How do we transform a given text into a numerical form to feed it into an NLP or ML algorithm? This conversion from raw text to a suitable numerical form is called text representation.
Feature Representation
A common step in any ML task, whether the data is text, images, video or speech. Nonetheless, feature representation is much more involved for text as compared to other data formats.
For image and speech is straightforward

Word and Meaning - What is the meaning of a word?
In classical NLP applications, our only representation of a word is as a string of letters, or an index in a vocabulary list.
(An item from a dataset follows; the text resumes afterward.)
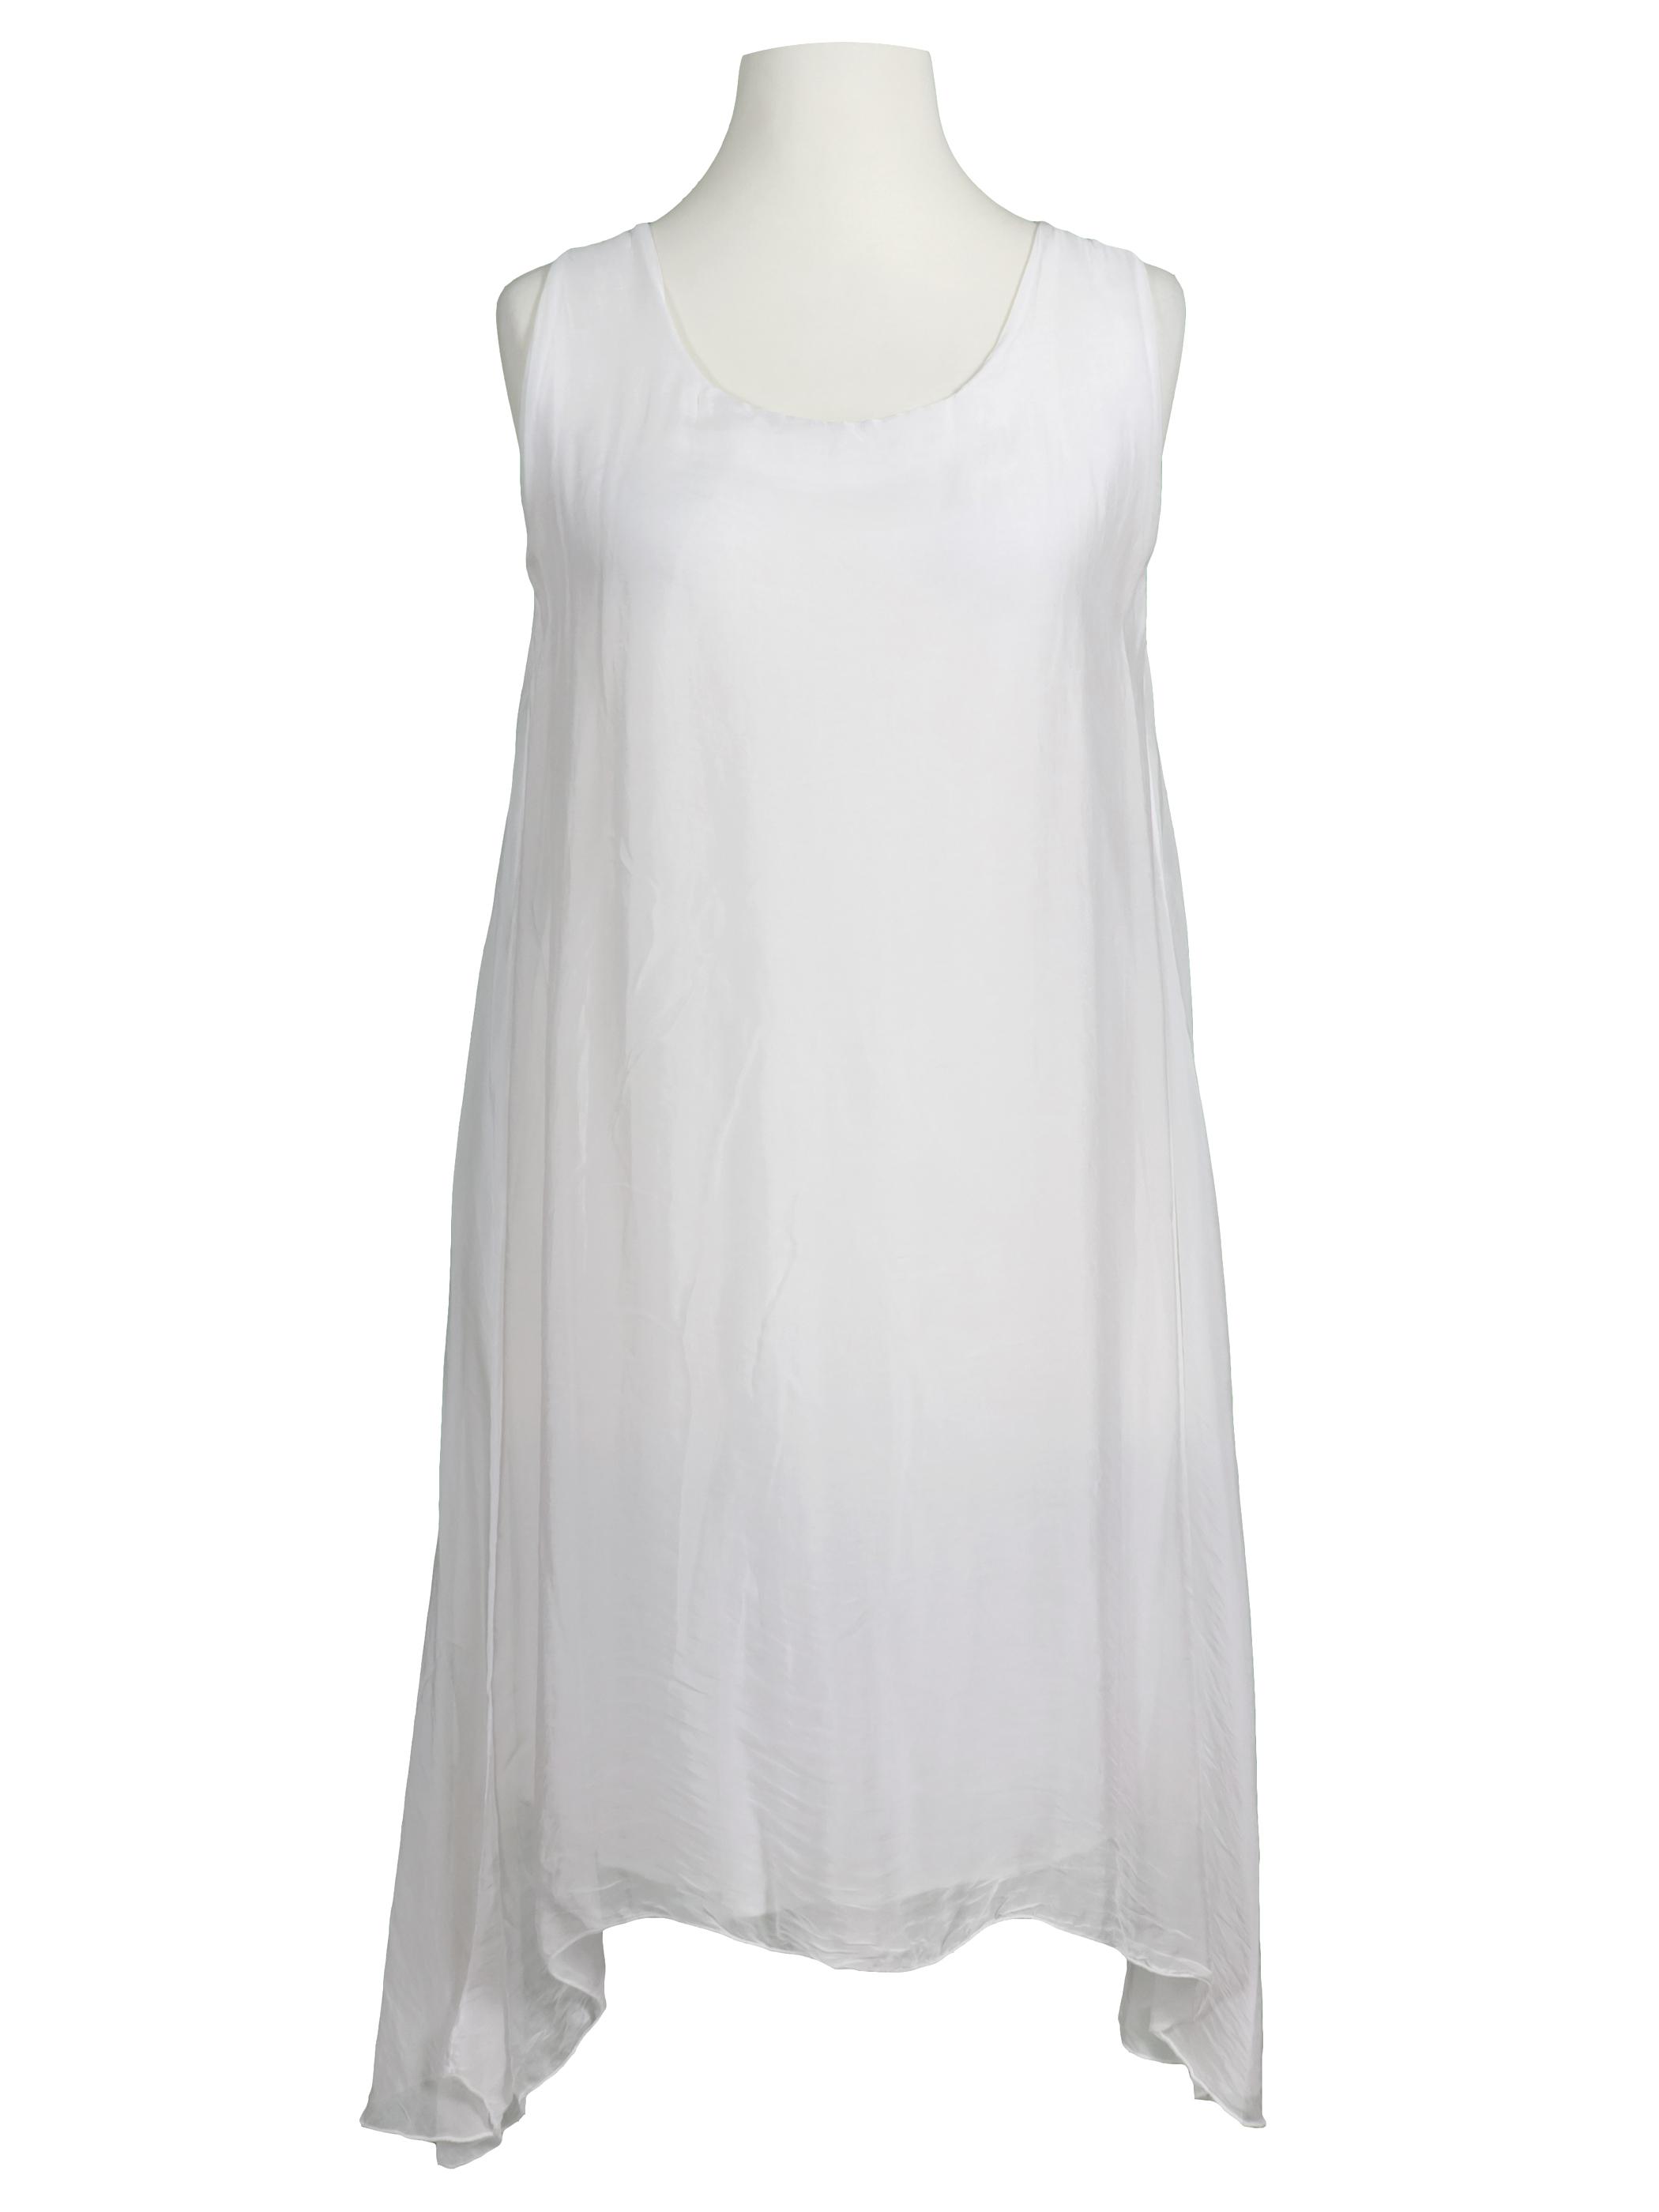 on sale ff5d5 c0fcf Kleid mit Seide A-Form, weiss

That’s not very satisfactory.
The linguistic study of word meaning is called lexical semantics. A model of word meaning should allow us to relate different words and draw inferences to address meaning-related tasks.
Lemmas and Senses
A word form is associated with a single lemma, the citation form used in dictionaries.
- For example, words forms sing, sang, sung are associated with the lemma sing
A word form can have multiple meanings (polysemous); each meaning is called a word sense, or sometimes a synset. For example: The word form mouse can refer to the rodent or the cursor control device.
Relation Synonymy
Lexical semantic relationship between words are important components of word meaning. Two words are synonyms if they have a common word sense.
- For example car and automobile.
Two words are similar if they have similar meanings.
- For example car and bycicle
Two words are related if they refer to related concepts:
- For example car and gasoline
Two words are antonyms if they define a binary opposition:
- For example hot and cold
One word is a hyponym of another if the first has a more specific sense:
- Notions of hypernym or hyperonym are defined symmetrically
- Example: car and vehicle
Words can have affective meanings, implying positive or negative connotations / evaluation:
- Example: happy and sad; great and terrible.
The linguistic principle of contrast says that difference in form is difference in meaning. In practice, the word synonym is therefore used to describe a relationship of approximate or rough synonymy
Relation: Similarity
While words don’t have many synonyms, most words do have lots of similar words. Words with similar meanings, not synonyms, but sharing some element of meaning:
- car, bicycle
- cow, horse
Knowing how similar two words are, can help in computing how similar the meaning of two phrases or sentences are. It isan an essential component of NL understanding tasks like question answering, paraphrasing, and summarization
Ask Humans How Similar Two Words Are (The SimLex-999 dataset Hillet et al., 2015)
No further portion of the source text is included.